Studio album by Antonis Remos
- Released: March 2011
- Recorded: 2010–2011
- Genre: Modern Laika, pop
- Label: Heaven Music Greece

Antonis Remos chronology
| Alithies & Psemata (2008) | Kleista Ta Stomata Κλειστά Τα Στόματα (2011) | I Kardia Me Pigenei Emena (2013) |

Singles from Kleista Ta Stomata
- "Kommena Pia Ta Danika" Released: November, 2010; "Ine Stigmes" Released: December 2010; "Kleista Ta Stomata" Released: March 2011; "I Nichta Dio Kommatia" Released: May 2011; "Feggaria Hartina" Released: August 2011; "Tora Epizo" Released: November 2011; "Parelthon" Released: January 2012;

= Kleista Ta Stomata =

Kleista Ta Stomata (Greek: Κλειστά Τα Στόματα; English: Zipped Mouths) is the title of the 8th studio album by Greek Modern Laika singer Antonis Remos. The 11-track album was released in March 2011 by Heaven Music Grevr and is his first studio album of entirely new material since 2008.

==Promotion==
- For the promotion of the album, a CD-maxi was released on Christmas 2010 (3 months before the official release of the album), featuring the first two singles of the album "Kommena Pia Ta Danika" and "Ine Stigmes". The CD-maxi was titled "2 Songs".
- Remos also appeared on MAD Video Music Awards performing "Kleista Ta Stomata".
- Although seven radio singles were released on radios, only three official videos were made for the album, for the singles "Kommena Pia Ta Danika", "Ine Stigmes" and "Kleista Ta Stomata". For the third video clip footage from Remos appearance of MAD Video Music Awards 2011 was used.

==Track listing==
1. Two pieces of the Night—I Nyhta Dyo Kommatia (Η νύχτα δυο κομμάτια)
2. Loans are over now—Kommena pia ta daneika
3. Paper moons—Feggaria hartina (Φεγγάρια χάρτινα)
4. I didn't manage—Den katafera (Δεν κατάφερα)
5. Now I survive—Tora epizo (Τώρα επιζώ)
6. There Are Moments—Einai Stigmes (Είναι Στιγμές)
7. Dare to leave—Kane na fugeis
8. To leave—Να Φύγεις
9. Zipped mouths—Kleista Ta Stomata (Κλειστά τα στόματα)
10. Past—Parelthon (Παρελθόν)
11. When you're here—Otan eisai edw (Όταν Είσαι Εδώ)
12. Happy birthday—Xronia Polla (Χρόνια Πολλά)

==Singles==
- Kommena Pia Ta Danika
This was the first single and video off the album.
- Ine Stigmes
The second single and video off the album.
- Kleista Ta Stomata
The third single off the album.

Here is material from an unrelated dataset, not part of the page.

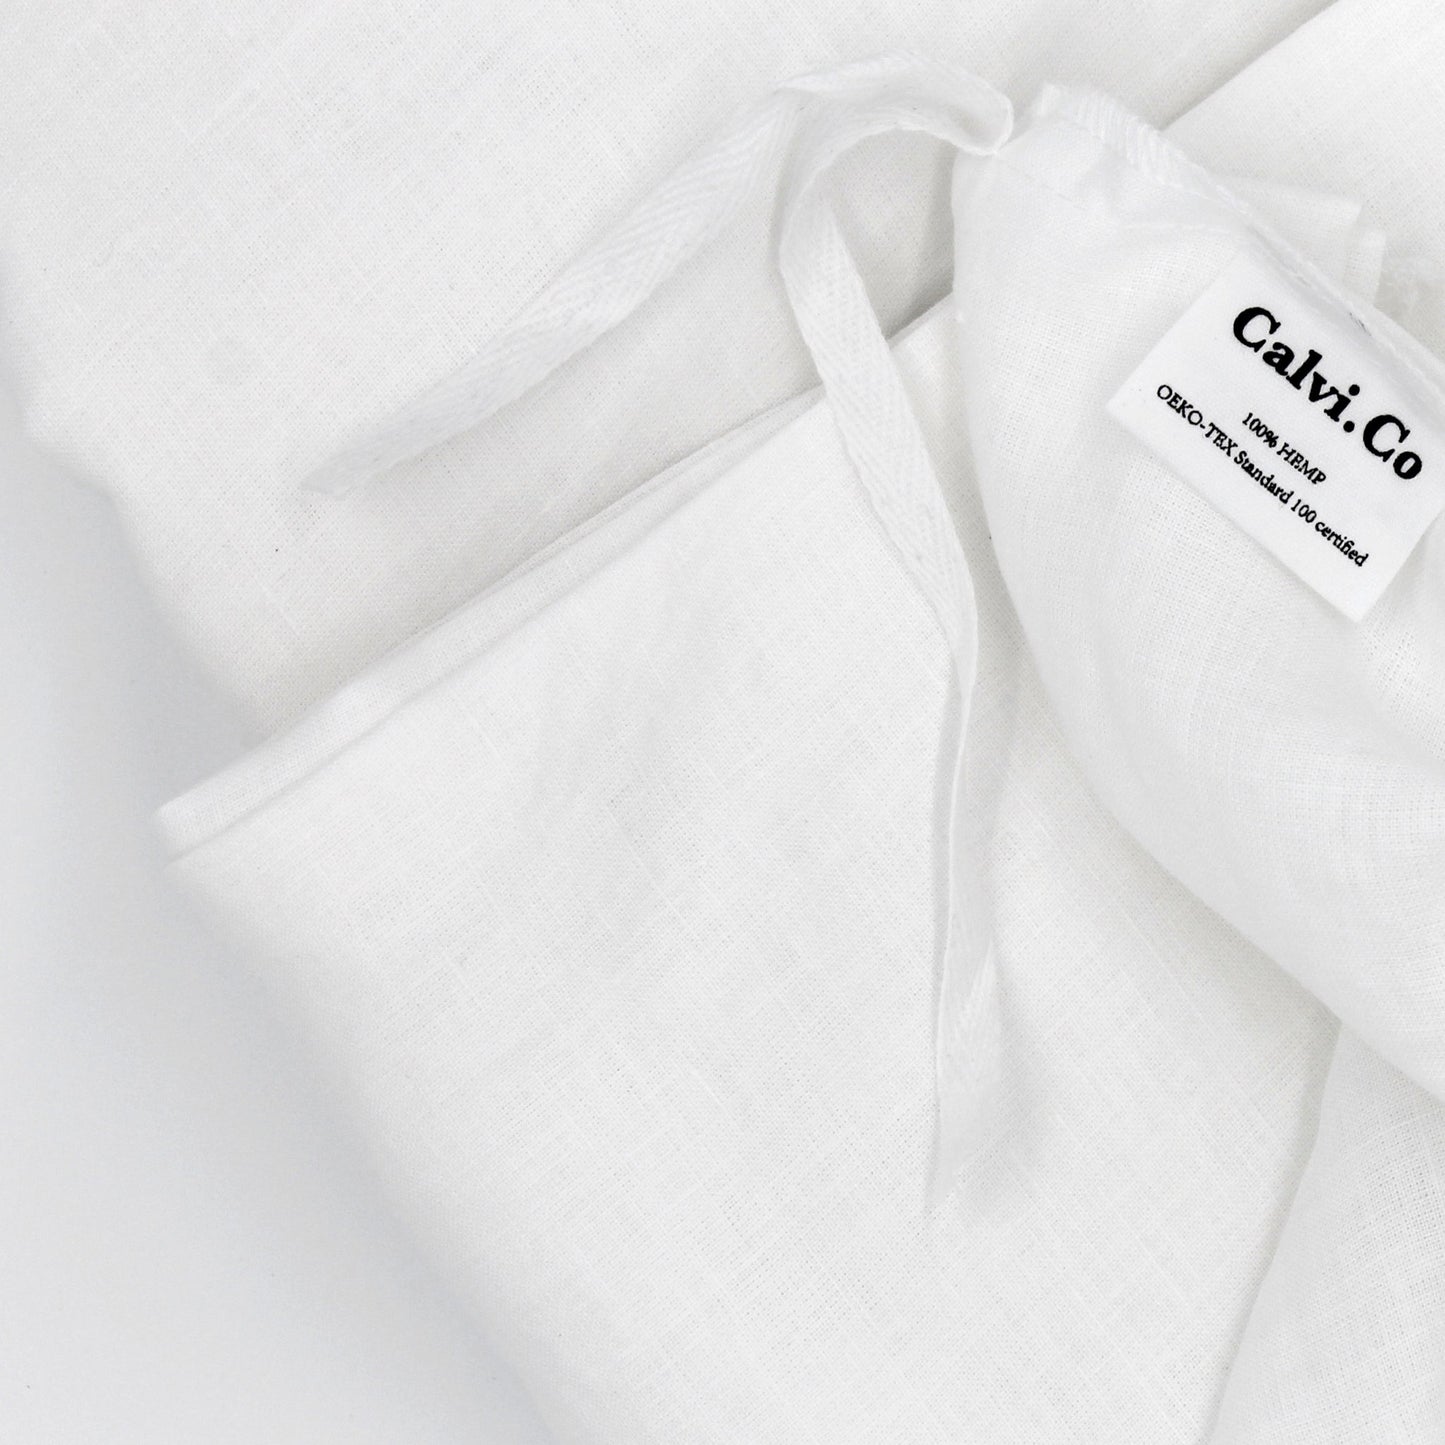 duvet quilt cover set in pure hemp linen white fabric with internal doona ties
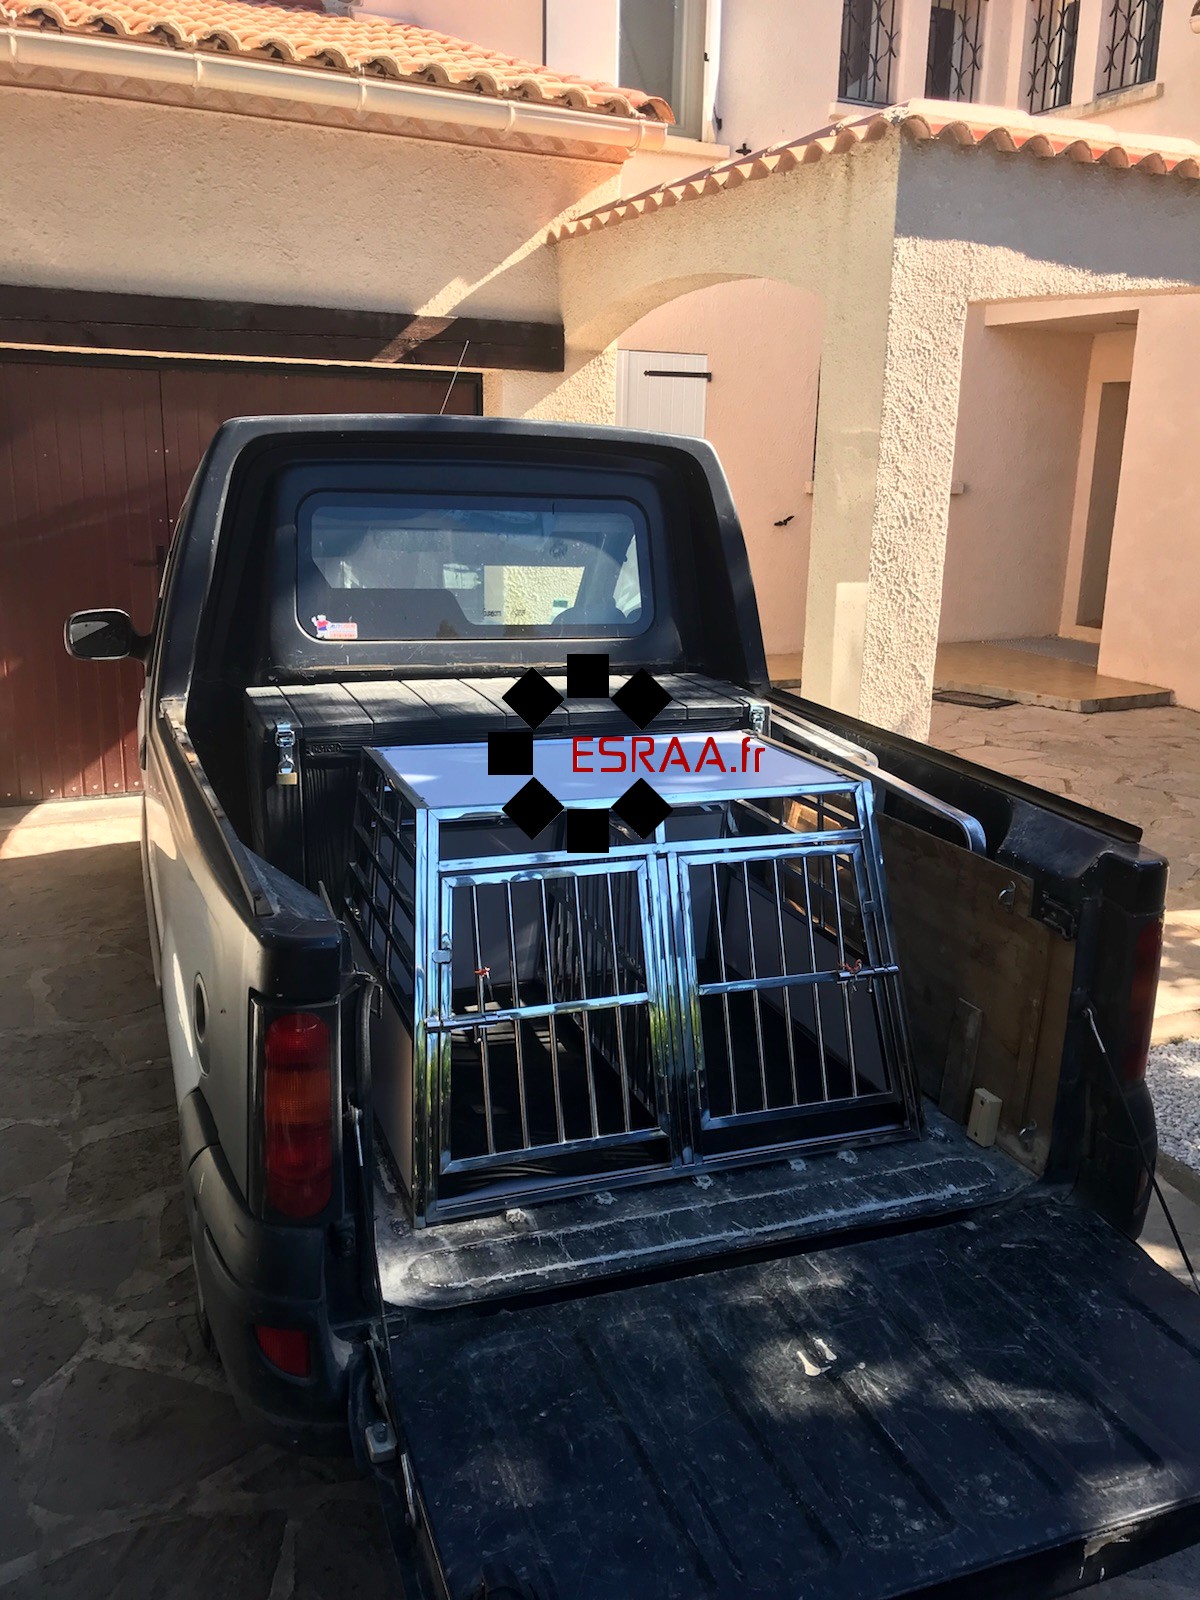 Cage chien voiture caisse transport voiture, pick up

For a video, Remos' appearance of MAD Video Music Awards 2011 was used.
- I Nichta Dio Kommatia
The fourth radio single. No video was made.
- Feggaria Hartina
Fifth single from the album. Again no video was made for the song.
- Tora Epizo
The dance track was promoted as the sixth single off the album. No video was filmed to promote the song.
- Parelthon
By popular demand, 'Parelthon' was made the seventh radio-single off the album on the beginning of 2012.

==Commercial Success==
Initially the album was released with the TV magazine Tiletheatis and sold 60,000 copies, a great success for the magazine. The following week the album was released on music stores, and there the album sold more than 36,000 copies with in a year, making it one of the best sellers of 2011 on the record shops. Based on those sales, the album was certified 3× Platinum in Greece.